Herein, we showed that genomes of T. rangeli AM80, T. conorhini 025E and T. cruzi strains G and CL, range from ~ 30–70 Mbp and contain between 10,000 and 13,000 genes. We characterized multigene families, the heterozygosity, and pseudogene content of these genomes, and used multi-gene strategies to explore their phylogenetic relationships. Our results show that T. conorhini and T. rangeli have less complex genomes, fewer genes, a decreased representation of multigene families, and fewer pseudogenes, than the T. cruzi strains. These observations generally are consistent with the simpler, non-intracellular lifestyles of these parasites. Genes and gene families, including amastin, MASP, and DGF-1, and others, are represented in these parasites in ways that support their association with pathogenicity, intracellular life cycle and host range. The metabolic potentials of these organisms provide clues as to the basis of these biological capabilities, with T. rangeli and T. conorhini bearing a greater number of enzymes for utilizing complex carbohydrates and glycerol as carbon sources, and displaying highly divergent amino acid metabolism to T. cruzi.
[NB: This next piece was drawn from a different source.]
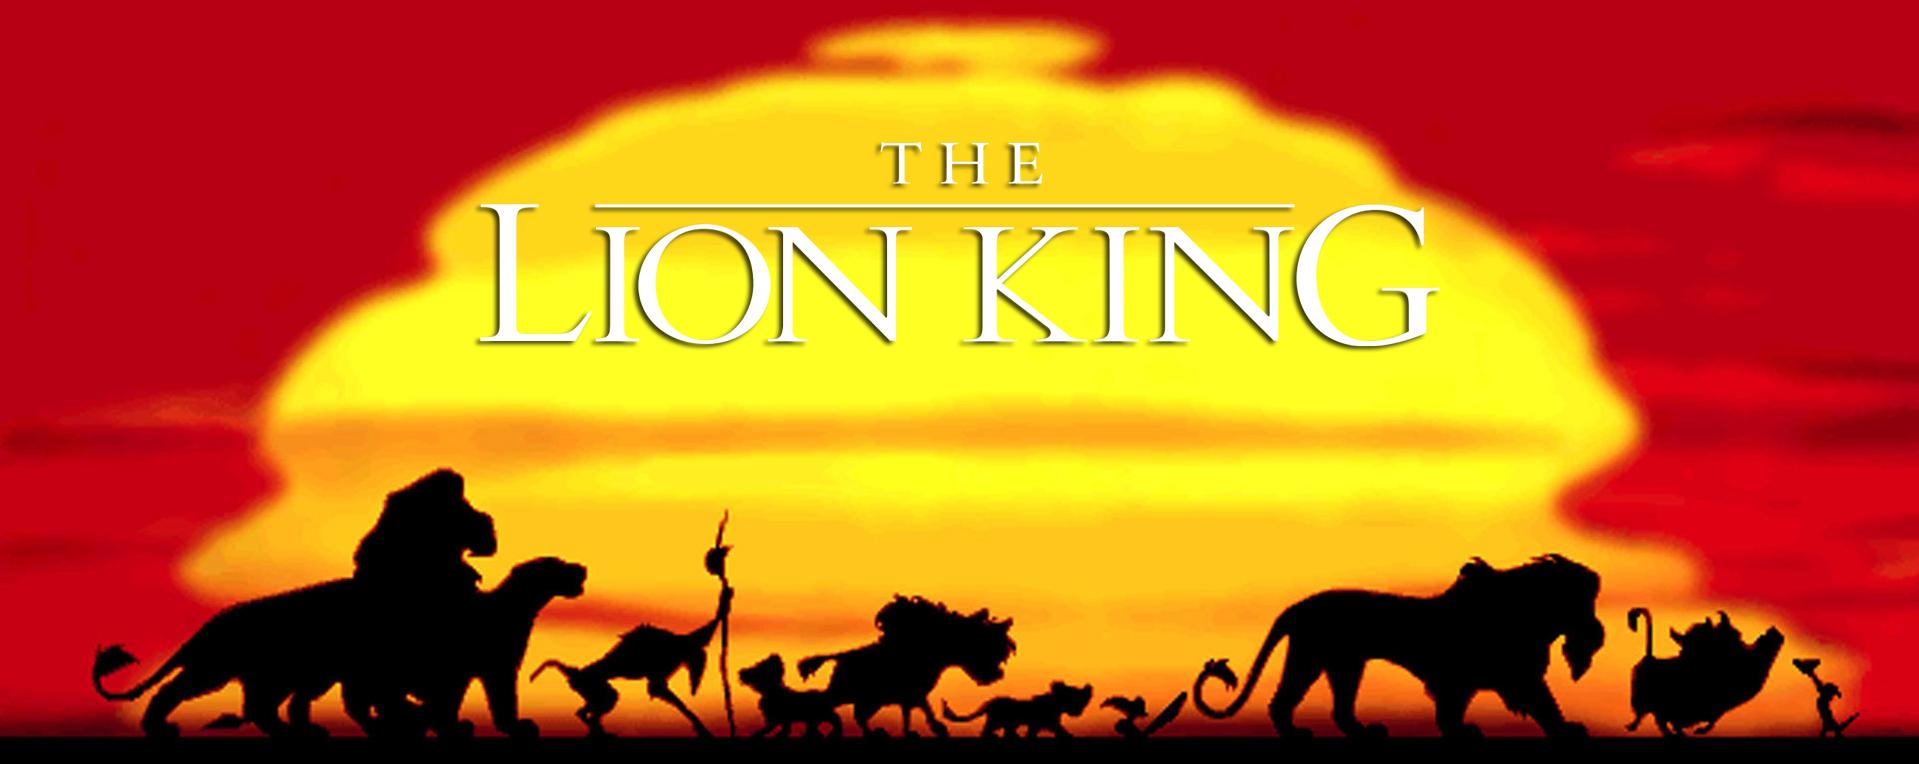 Wildcardwednesday Disney S The Lion King Circle Of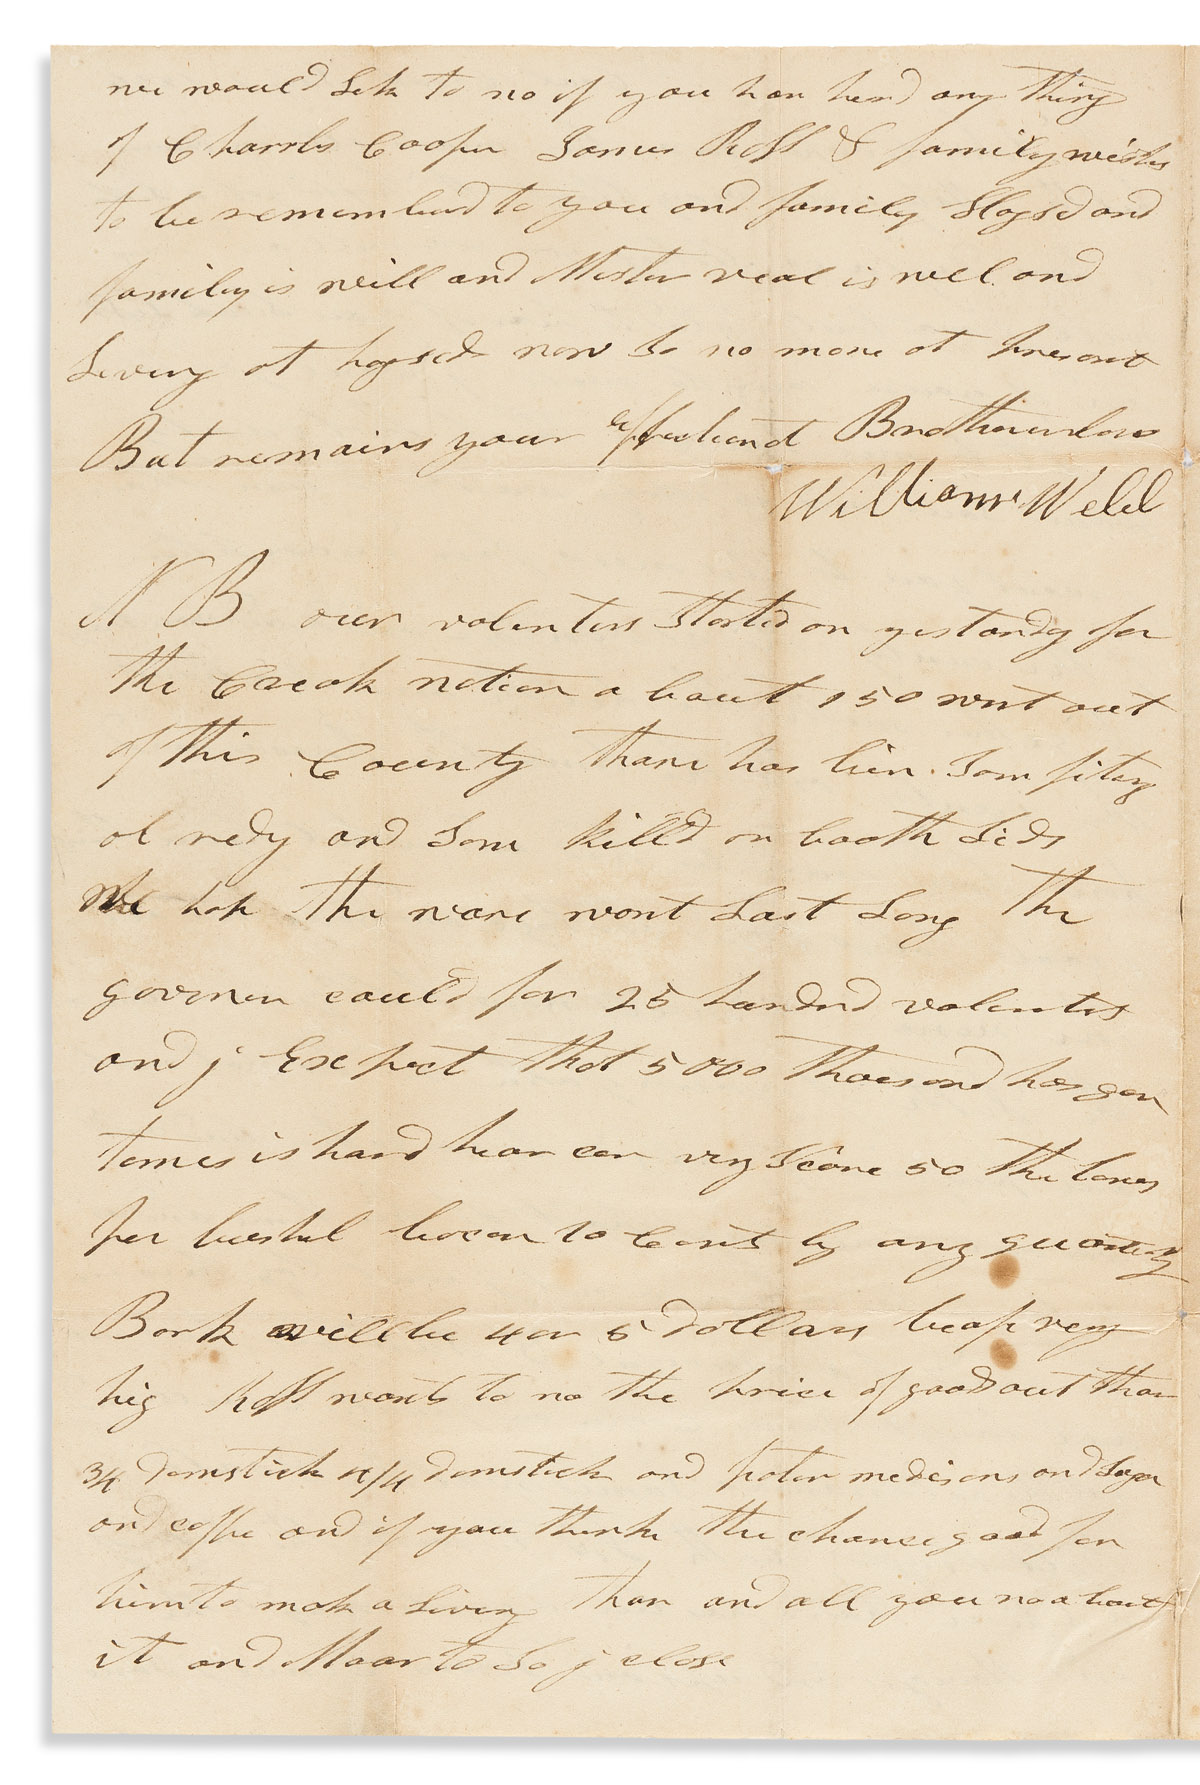 (AMERICAN INDIANS.) William Webb. Letter describing the Creek War of 1836.

Heterozygosity levels suggest less allelic diversity in T. rangeli AM80, T. conorhini 025E and T. cruzi G, than in T. cruzi CL. Phylogenetic distance in substitutions per site between the T. rangeli strains SC-58 and AM80 is about the same as T. cruzi strains to T. c. marinkellei, and the distance of T. rangeli AM80 to the T. cruzi strains is just over twice the distance between T. rangeli AM80 and T. conorhini 025E.
Parasites and culture
Parasites were obtained from the Trypanosomatid Culture Collection (TCC) at the University of Sao Paulo, the American Type Culture Collection (ATCC), and Nobuko Yoshida (Universidade Federal de São Paulo) as shown (see Additional file 1: Table S1). Parasites were cultured, and DNA was isolated and sequenced essentially as previously described . Briefly, epimastigote form parasites were cultured at 28 °C in liver-infusion tryptose (LIT) medium, supplemented with 20% fetal bovine serum (FBS) with 20 μg/ml hemin for T. rangeli AM80, and 10% fetal bovine serum (FBS) with 10 μg/ml hemin for all other species, and harvested in log phase at ~ 1 X 107/ ml. Total DNA was isolated, and depleted of kinetoplast DNA (kDNA), by gel electrophoresis as previously described .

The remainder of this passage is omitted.